Registered liquidator and partner

$460

$550

$690

Director

$440

$550

Manager

$340

$385

$435

Supervisor

$275

$270

$312

Senior accountant

$225

$235

$250

Accountant

$165

$195

$210

Support staff

$145

$130

$130

Source: ASIC, Submission 69, p. 104.

ASIC's activities

2.13      Table 2.4 shows the number of complaints and enquiries to ASIC on all matters and on insolvency matters specifically. It shows that complaints on insolvency related matters account for 3.6 per cent of all complaints to ASIC over the July 2006 to December 2009 period. There were, on average, 3.5 complaints against insolvency practitioners for every 100 insolvency appointments over the period.

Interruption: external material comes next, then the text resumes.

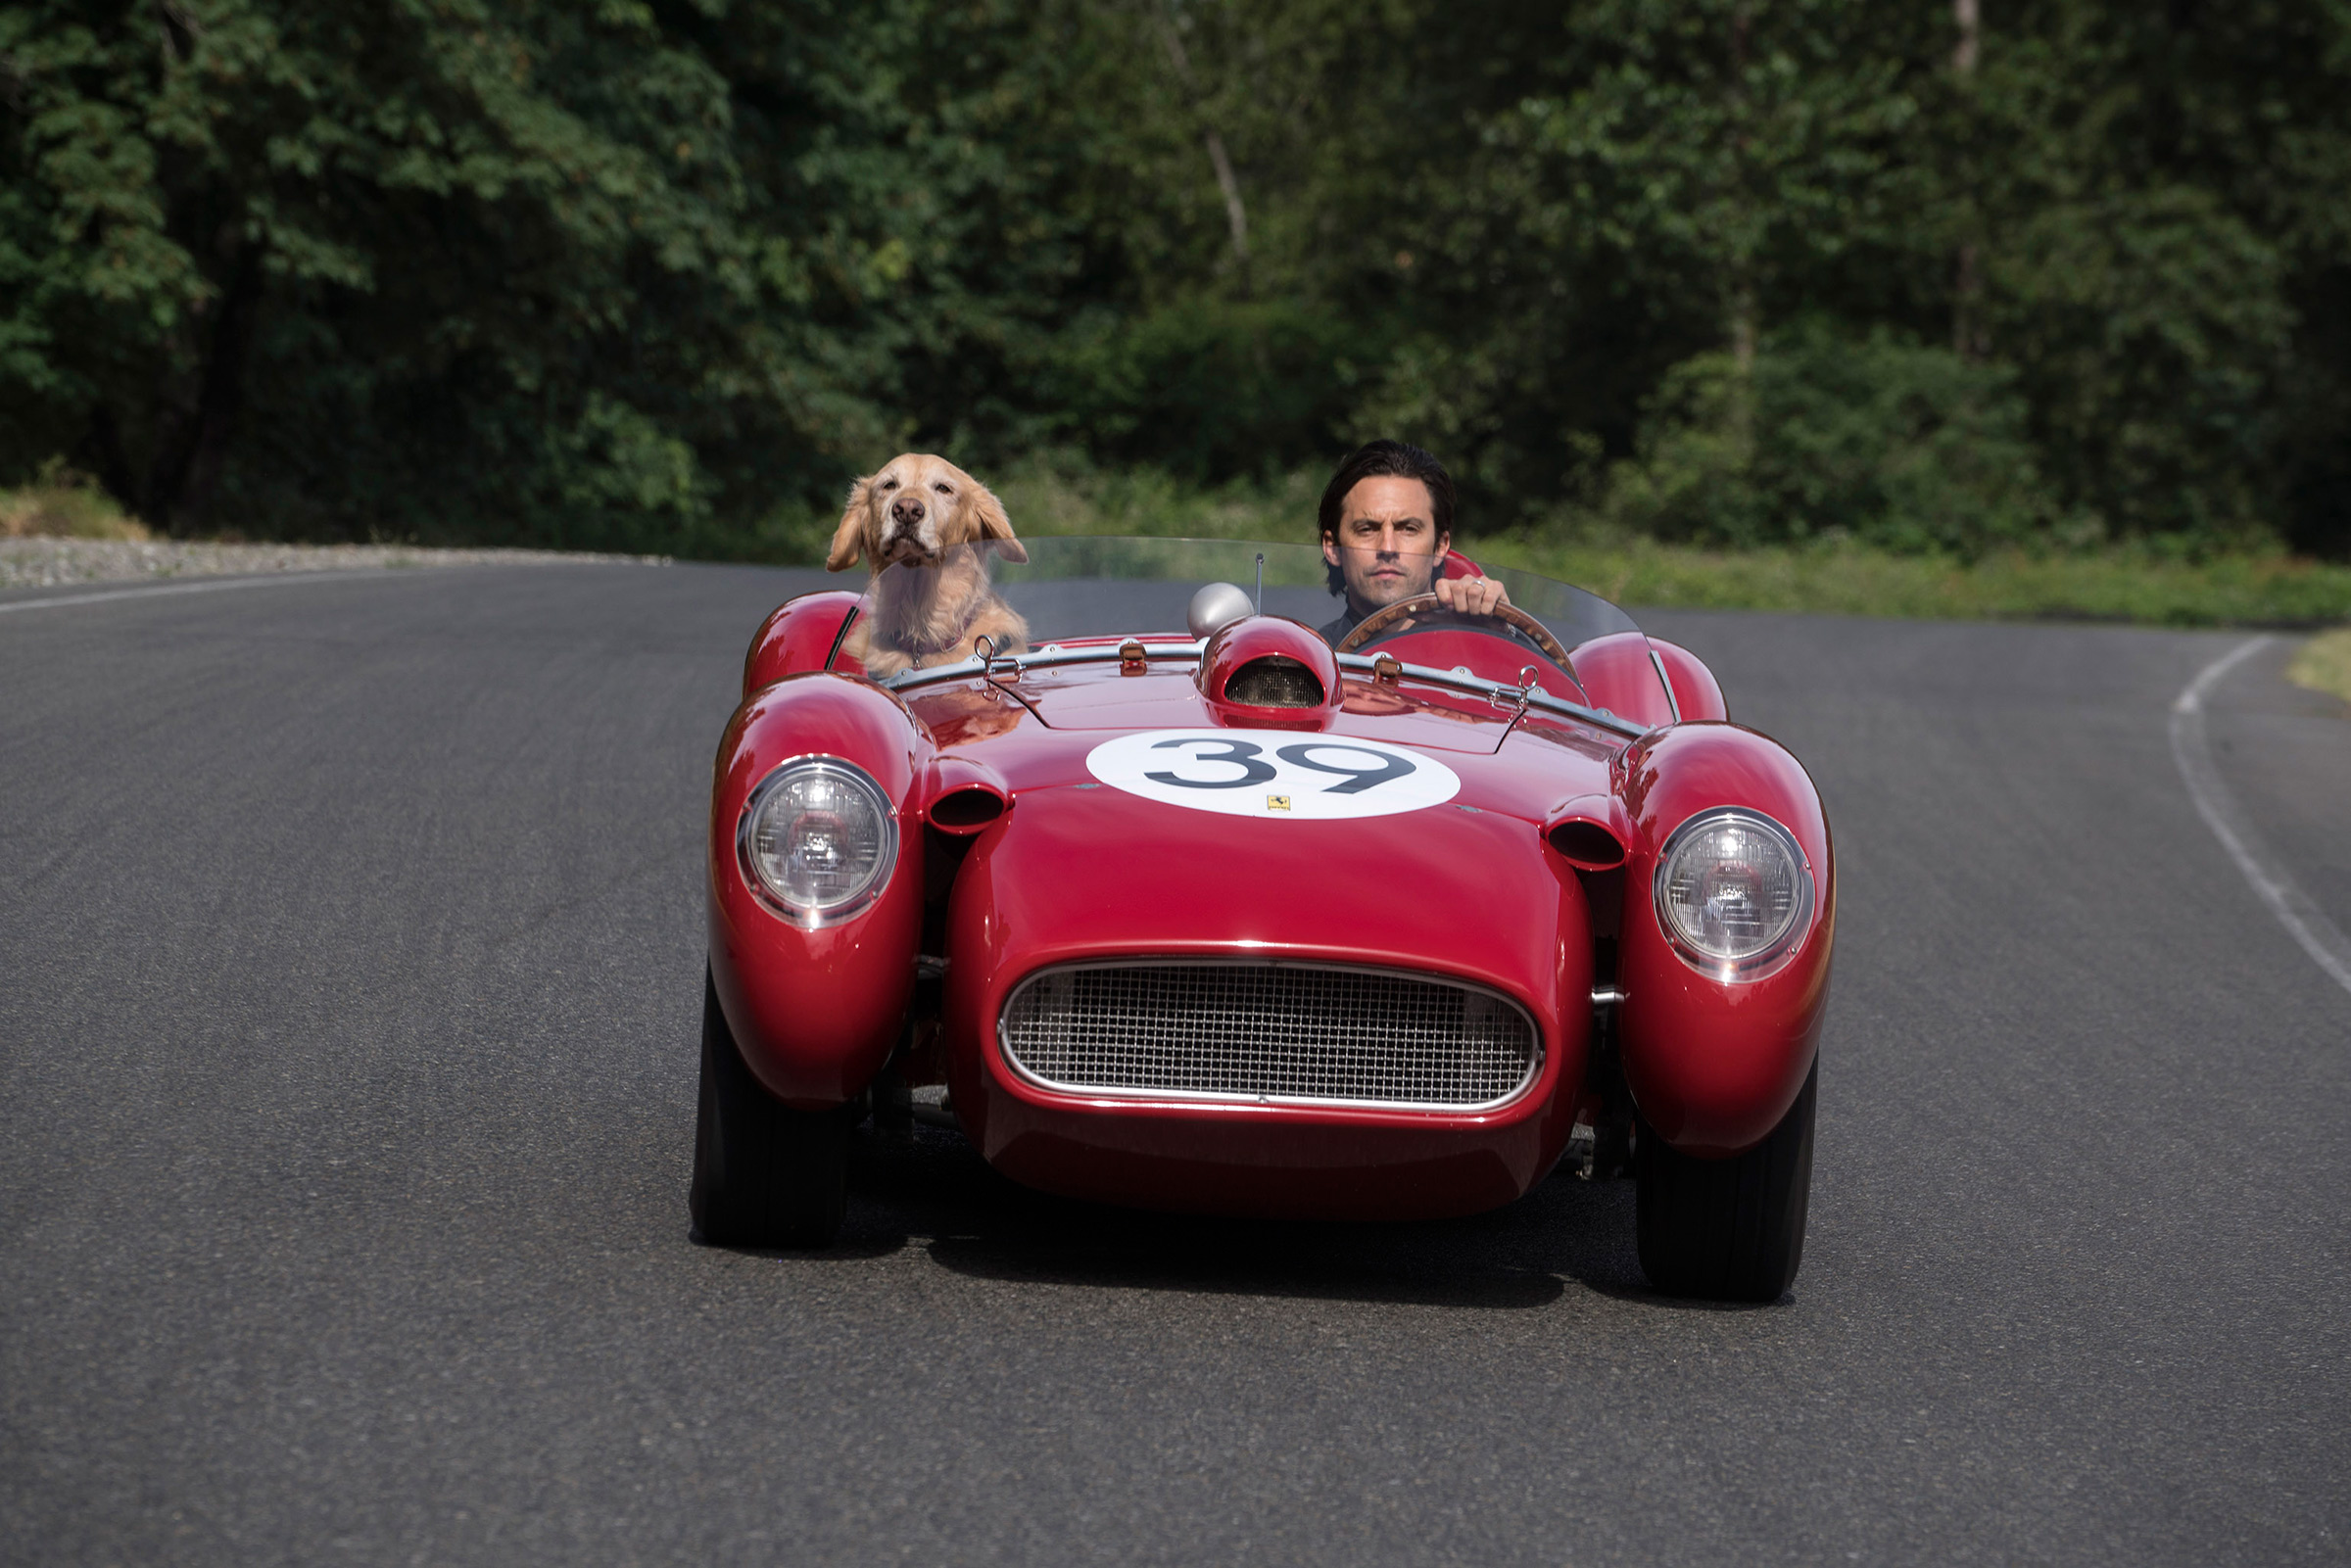 Ventimiglia and friend: If only dogs could drive! And also make movies. (20th Century Fox)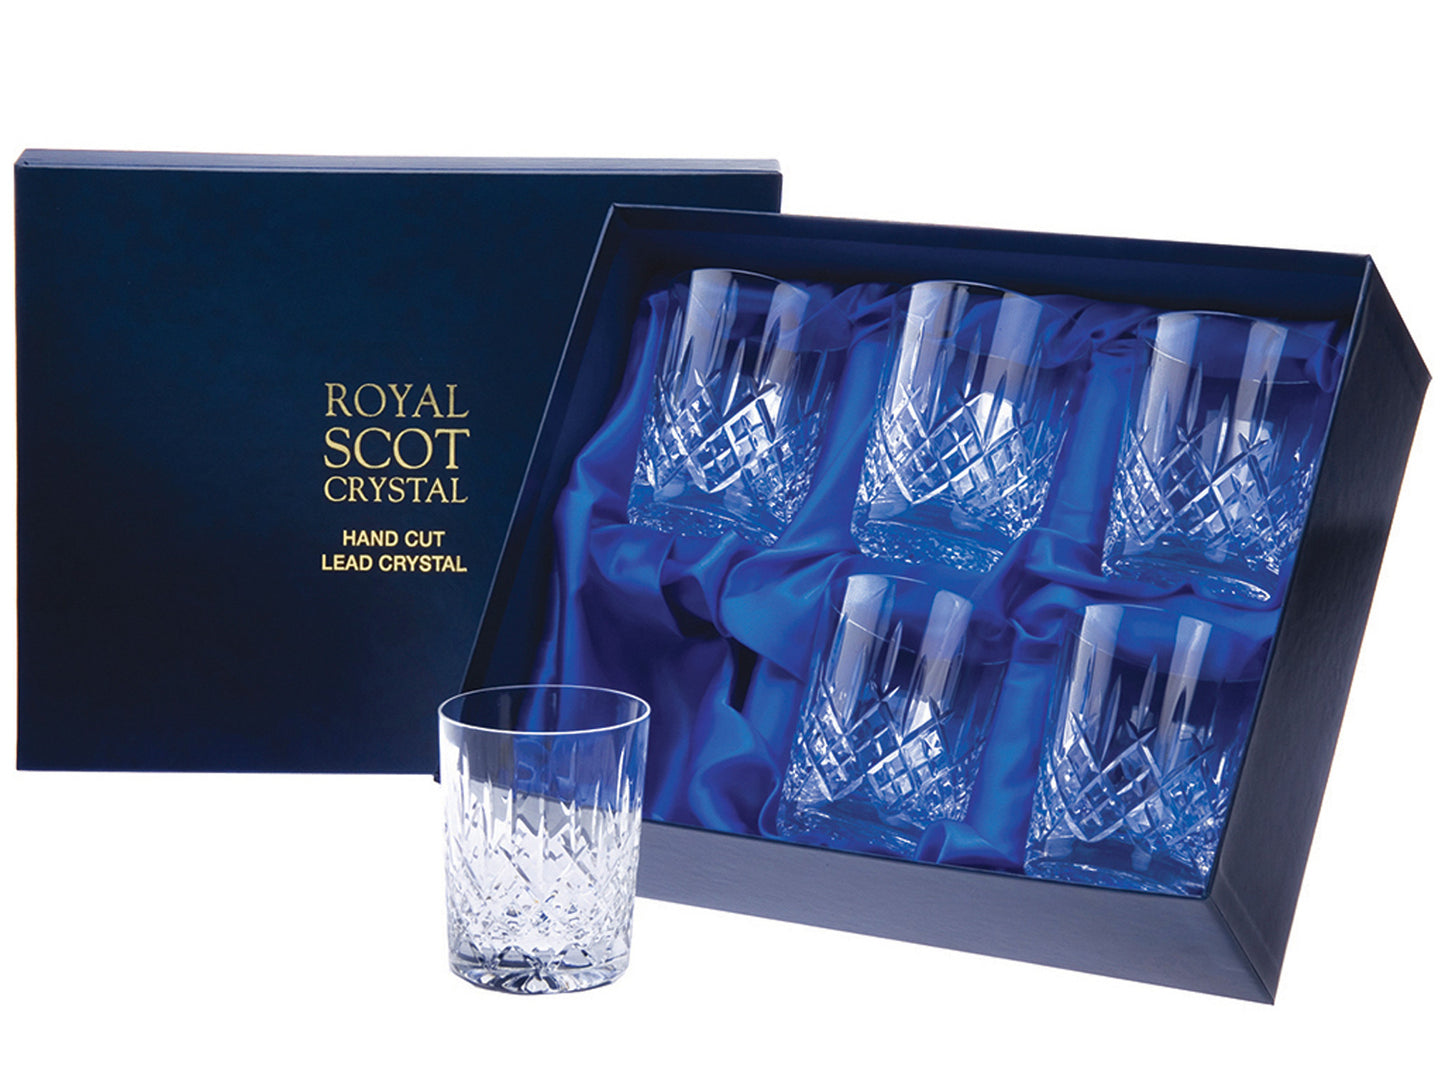 A set of six small whisky glasses with a cut design around the outside. The pattern has a bed of diamondsa round the base, topped with single flicks going up towards the smooth rim. They come in a navy-blue silk-lined presentation box

Table 2.4: Complaints volume trend

 

2006–07

2007–08

2008–09

to Dec 2009

Total/Average

Total complaints and
enquiries finalised

11,455

12,514

14,543

6,650

45,162

Total insolvency appointments

11,966

12,524

15,567

7,028

47,085

Total complaints and enquiries against insolvency practitioners

406

352

633

256

1,647

Total complaints and enquiries against insolvency practitioners excluding duplicates

344

317

438

230

1,329

% insolvency practitioner complaints and enquiries of total complaints and enquiries

3.5%

2.8%

4.4%

3.8%

3.6%

% insolvency practitioner complaints and enquiries of total appointments

3.4%

2.8%

4.1%

3.6%

3.5%

Source: ASIC, Submission 69, p. 133.

2.14      Of particular note is the spike in the number of complaints against insolvency practitioners to ASIC from 352 in 2007–08 to 633 in 2008–09. Excluding duplicate complaints, the increase was from 317 to 438 complaints. These increases were proportionately much greater than the increase in the number of insolvency appointments between these years.

Final comment

2.15      This chapter provides a brief sketch of the insolvency industry in Australia. Above all, it illustrates the paucity of data collected on the industry.

2.16      Chapter 9 notes that ASIC has published a document titled External administrators: Schedule B statistics 1 July 2004–30 June 2007.[4] Schedule B statistics are required to be lodged by a liquidator under section 533 of the Corporations Act 2001. ASIC's report collated Schedule B data to indicate the profile of companies in external administration, the causes of company failure and estimated dividends to unsecured creditors. However, this information is both limited and dated. Chapter 9 suggests the way in which the regulator should analyse and publish a fuller picture of the state of the insolvency industry.